Joe Average uses his lights for 15 mins a year, so does not notice how crappy and expensive to run them on regular basis such superbright lights really are.
During these 10 mins, the throw is great.
they are a nice color
they are cheap

that a three finger sized 18650 light smokes them (for being around always, running longer, cheaper, more rugged, ...) is something they dont understand _or even need_! 
at least those "fancy small lights are way too expensive and the bigger the light, the brighter it must be"


----------



## yellow (Mar 27, 2010)

. .,


----------



## TorchBoy (Mar 27, 2010)

yellow said:


> that a three finger sized 18650 light smokes them (for being around always, running longer, cheaper, more rugged, ...) is something they dont understand _or even need_!
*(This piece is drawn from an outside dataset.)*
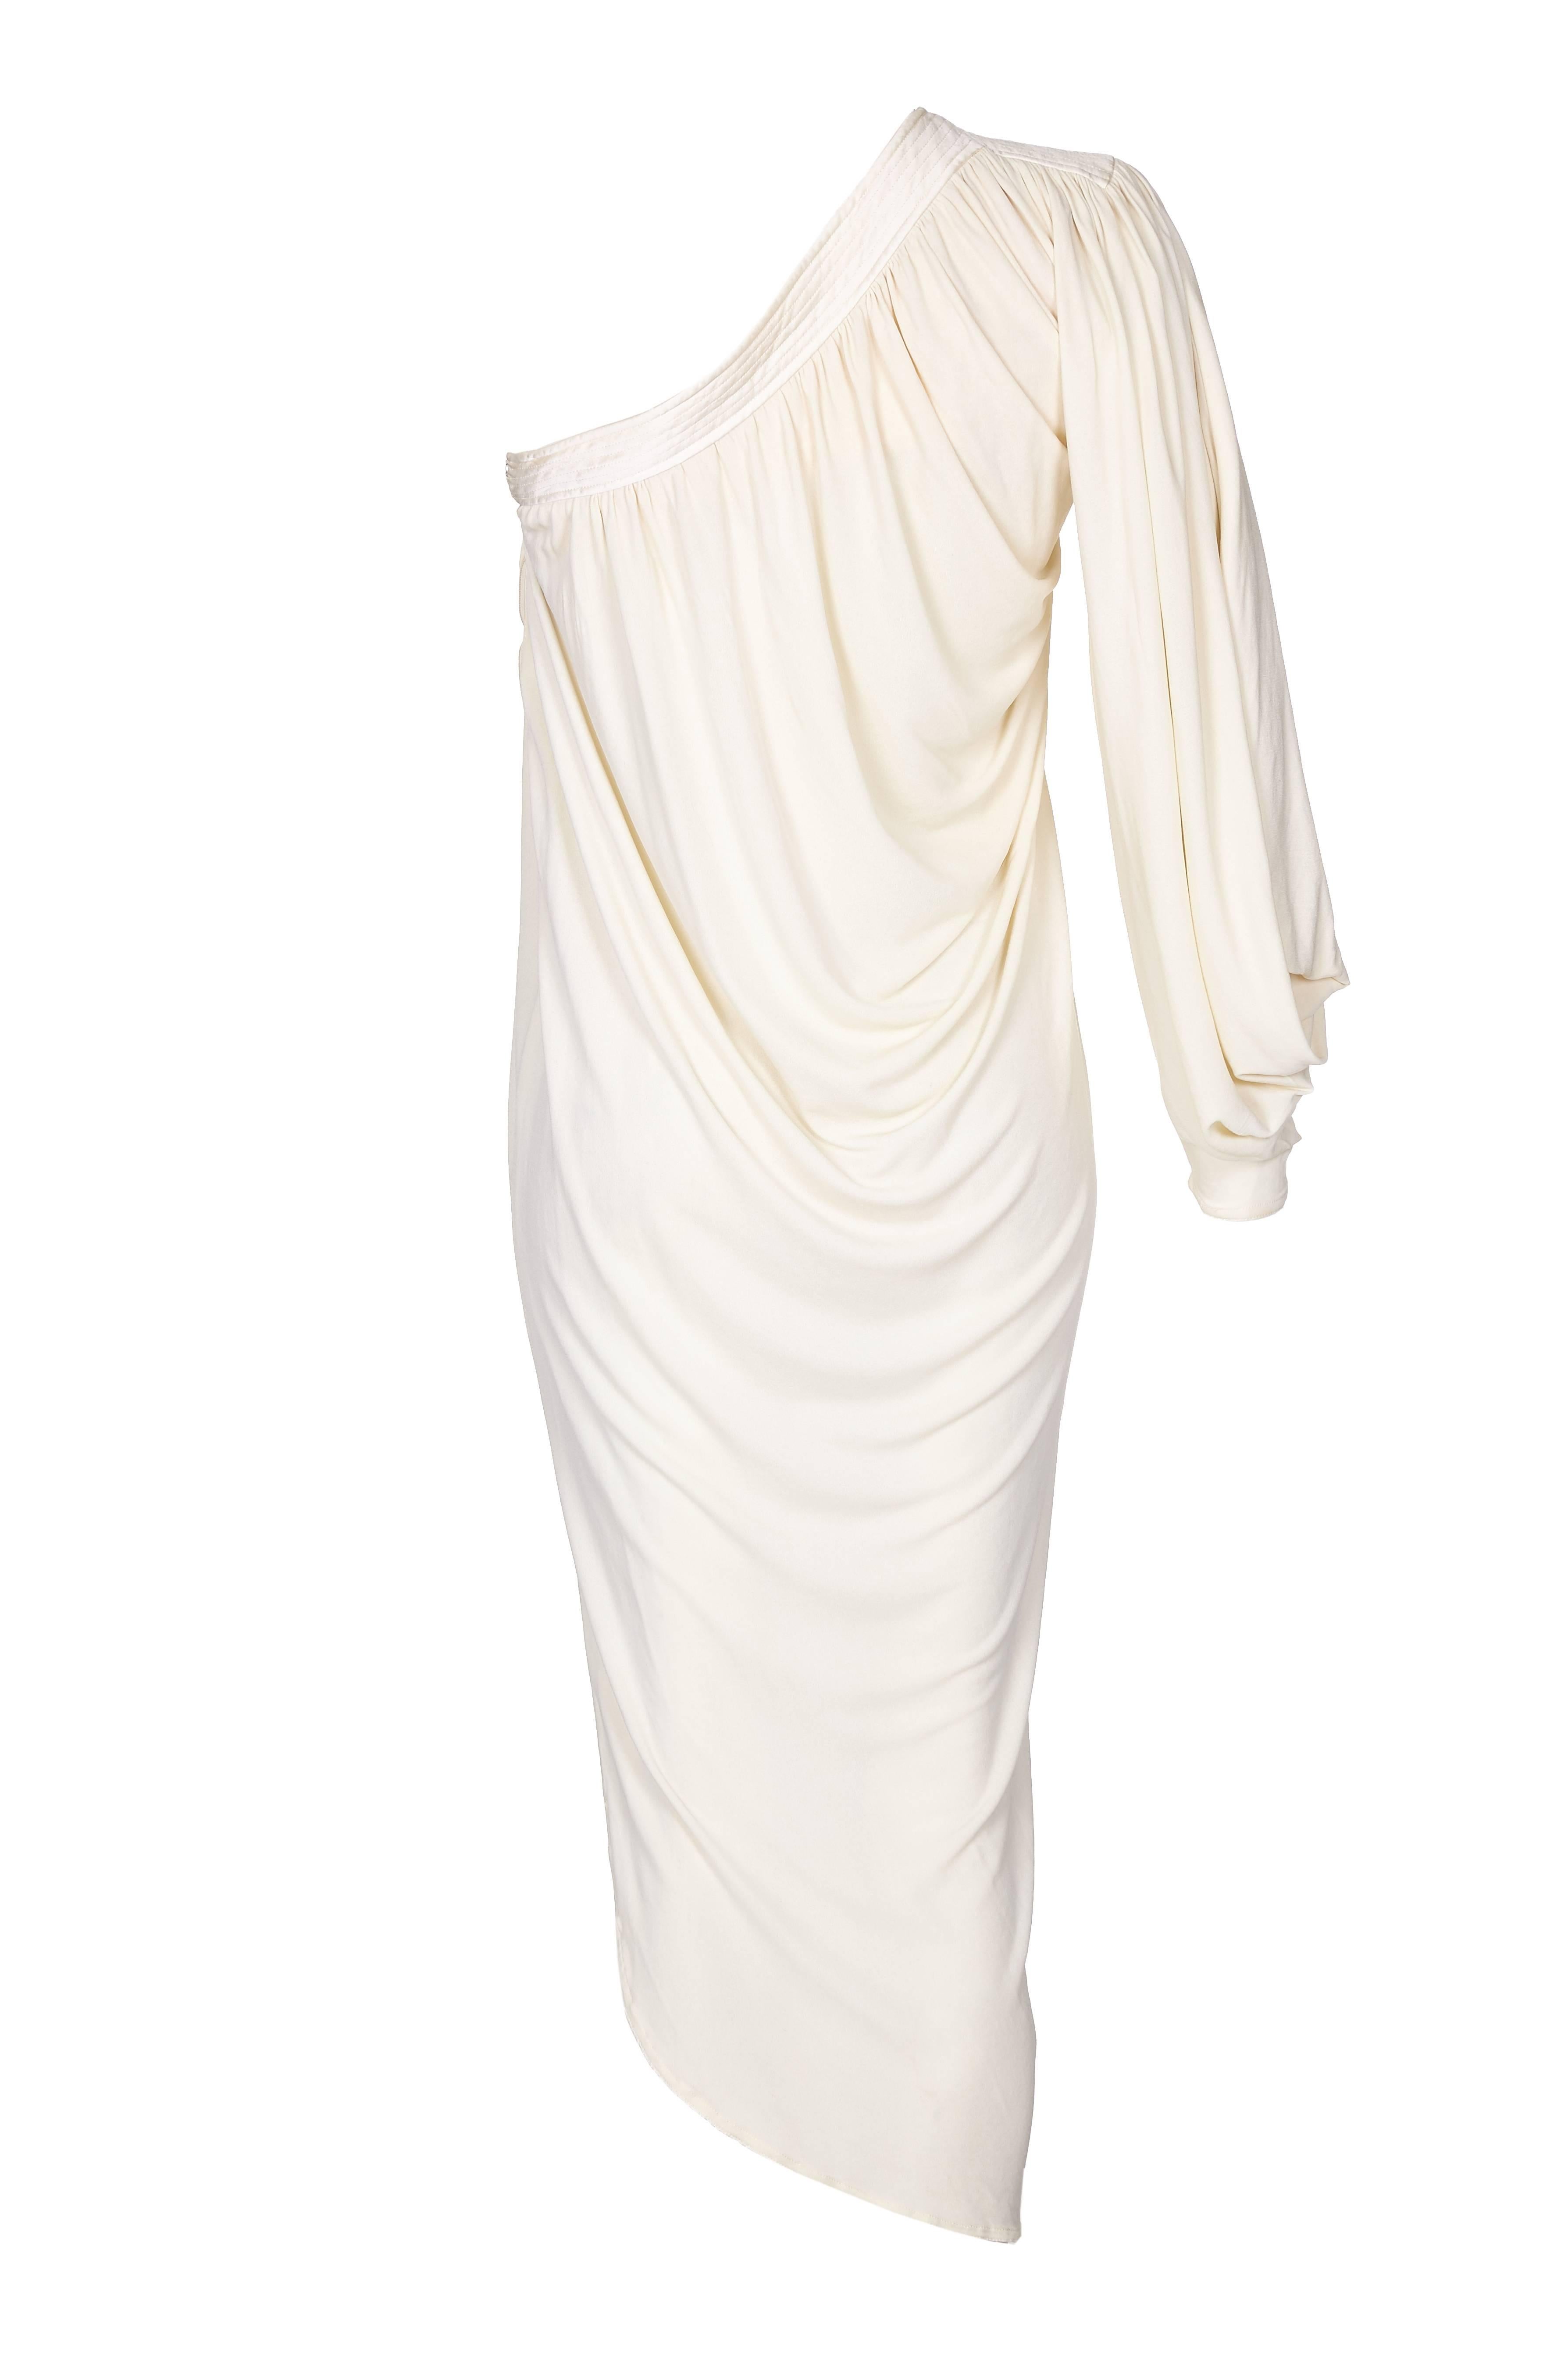 1970s Yuki couture asymmetrical dress in cream silk/jersey. Draped in a Grecian style, this dress is really special and would be perfect for any occasion. This is a piece from his main line collection not his later diffusion line for Rembrandt.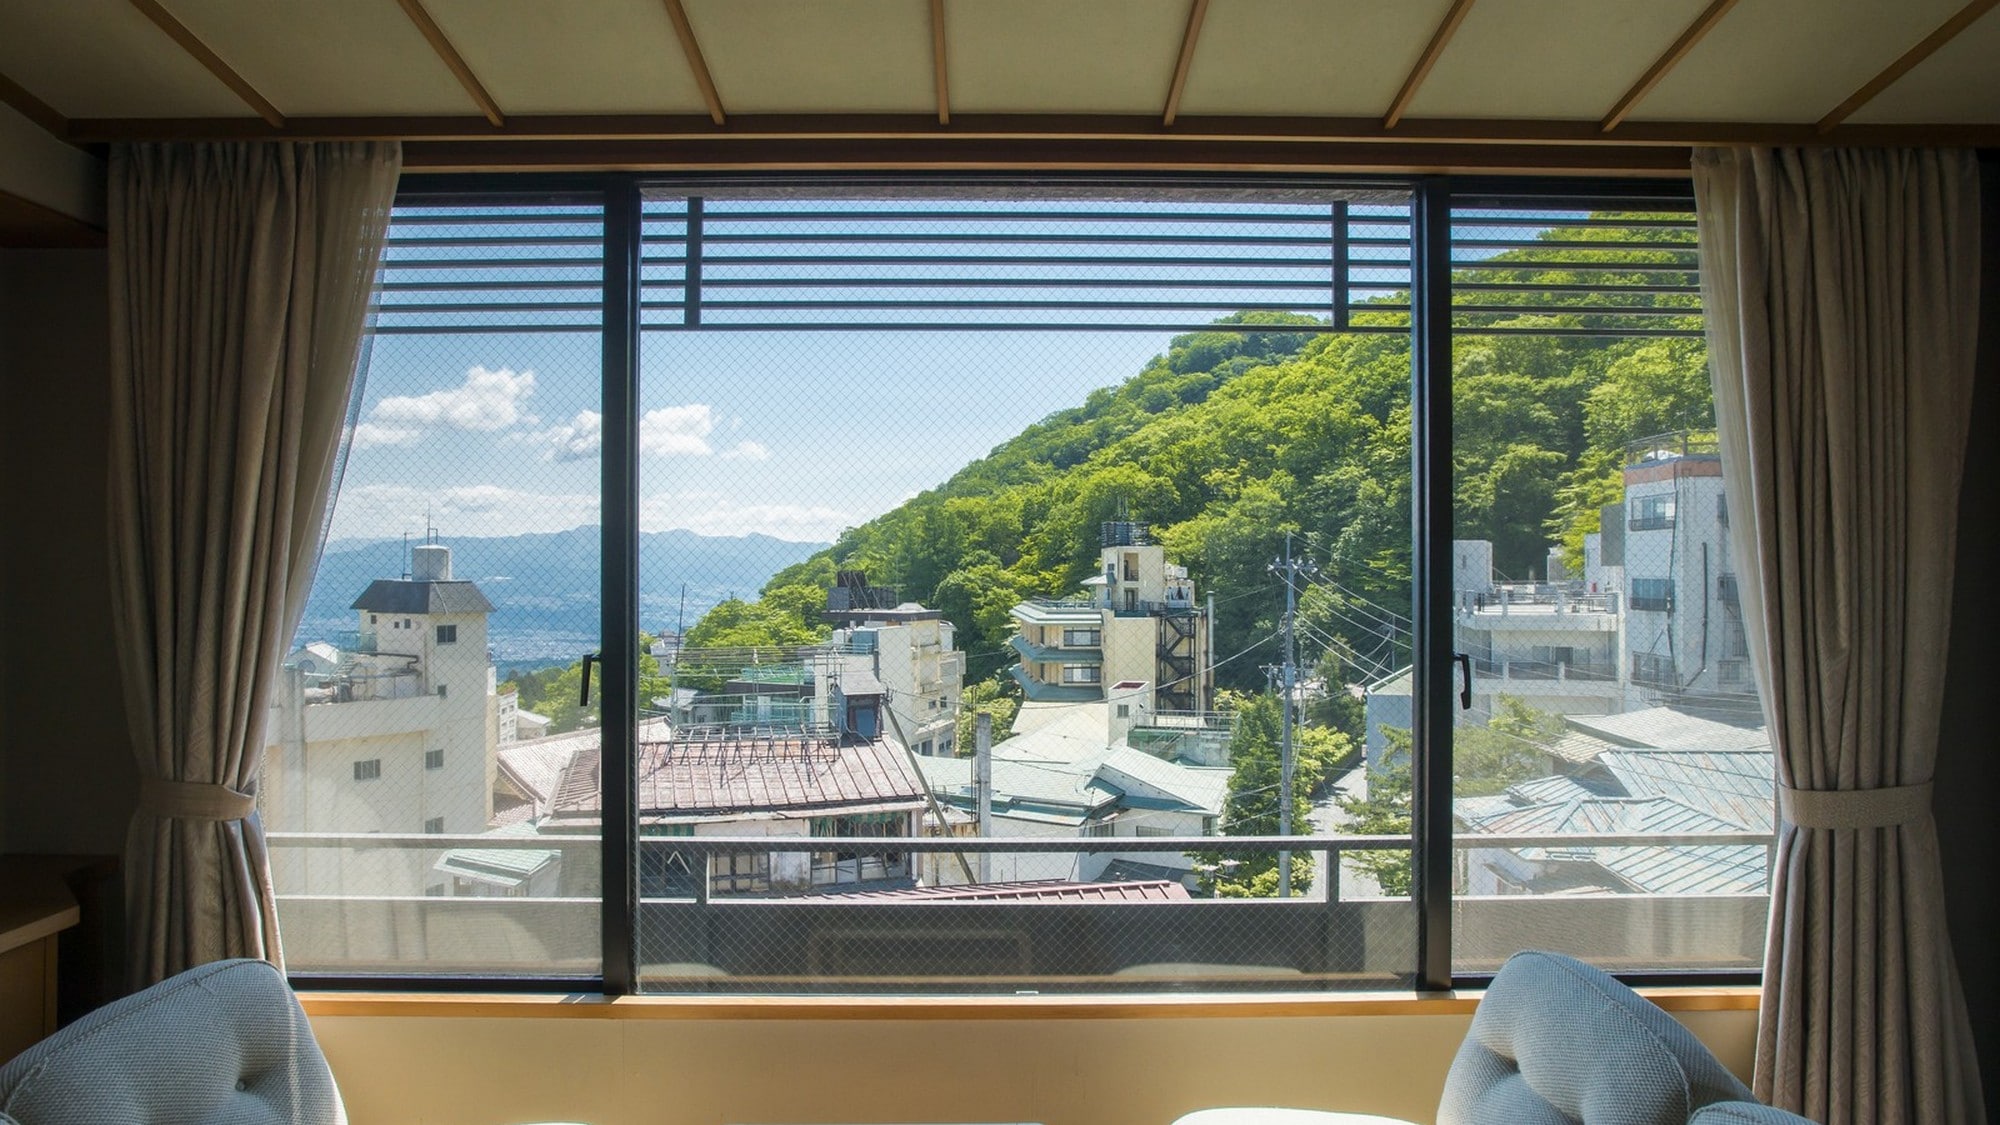 One of the features is the Japanese view from the room.

It wasn't that many months ago I found out that a 3x AAA light throws as well as my 100 W incandescent spotlight. oo:


----------



## user1016 (Mar 27, 2010)

I'm now feeling inclined to get a Dolphin.

Any Aussies out there able to point me in the direction of where I can get one cheap? I've seen them ranging from $20-50.


----------



## JaguarDave-in-Oz (Mar 27, 2010)

James Miller said:


> I'm now feeling inclined to get a Dolphin.
> 
> Any Aussies out there able to point me in the direction of where I can get one cheap? I've seen them ranging from $20-50.


You could try your local Kmart, Big W or Coles, they seem to be cheap there. Maybe even ask your father for a loan of his, that would be real cheap



James Miller said:


> Lately my local Kmarts, Big W's and Coles stores have pulled Maglites from their shelves and replaced them with these stupid Dolphin torches. ................ My dad has one


----------



## kramer5150 (Mar 27, 2010)

garden said:


> Actually, you can fully submerge a Mag when all o-rings are lubriated. It is true that they can't float though.



No way.
The switch boot cover has almost no seal and certainly is not water tight. I can remove mine with a fingernail pinch and light pull force. If you submerged yours, it was merely a matter of luck or limited time exposure that it didn't take in water.

IMHO they are rain / splash resistant, but submersible... no.


----------



## mrartillery (Mar 27, 2010)

kramer5150 said:


> No way.
> The switch boot cover has almost no seal and certainly is not water tight. I can remove mine with a fingernail pinch and light pull force. If you submerged yours, it was merely a matter of luck or limited time exposure that it didn't take in water.
> 
> IMHO they are rain / splash resistant, but submersible... no.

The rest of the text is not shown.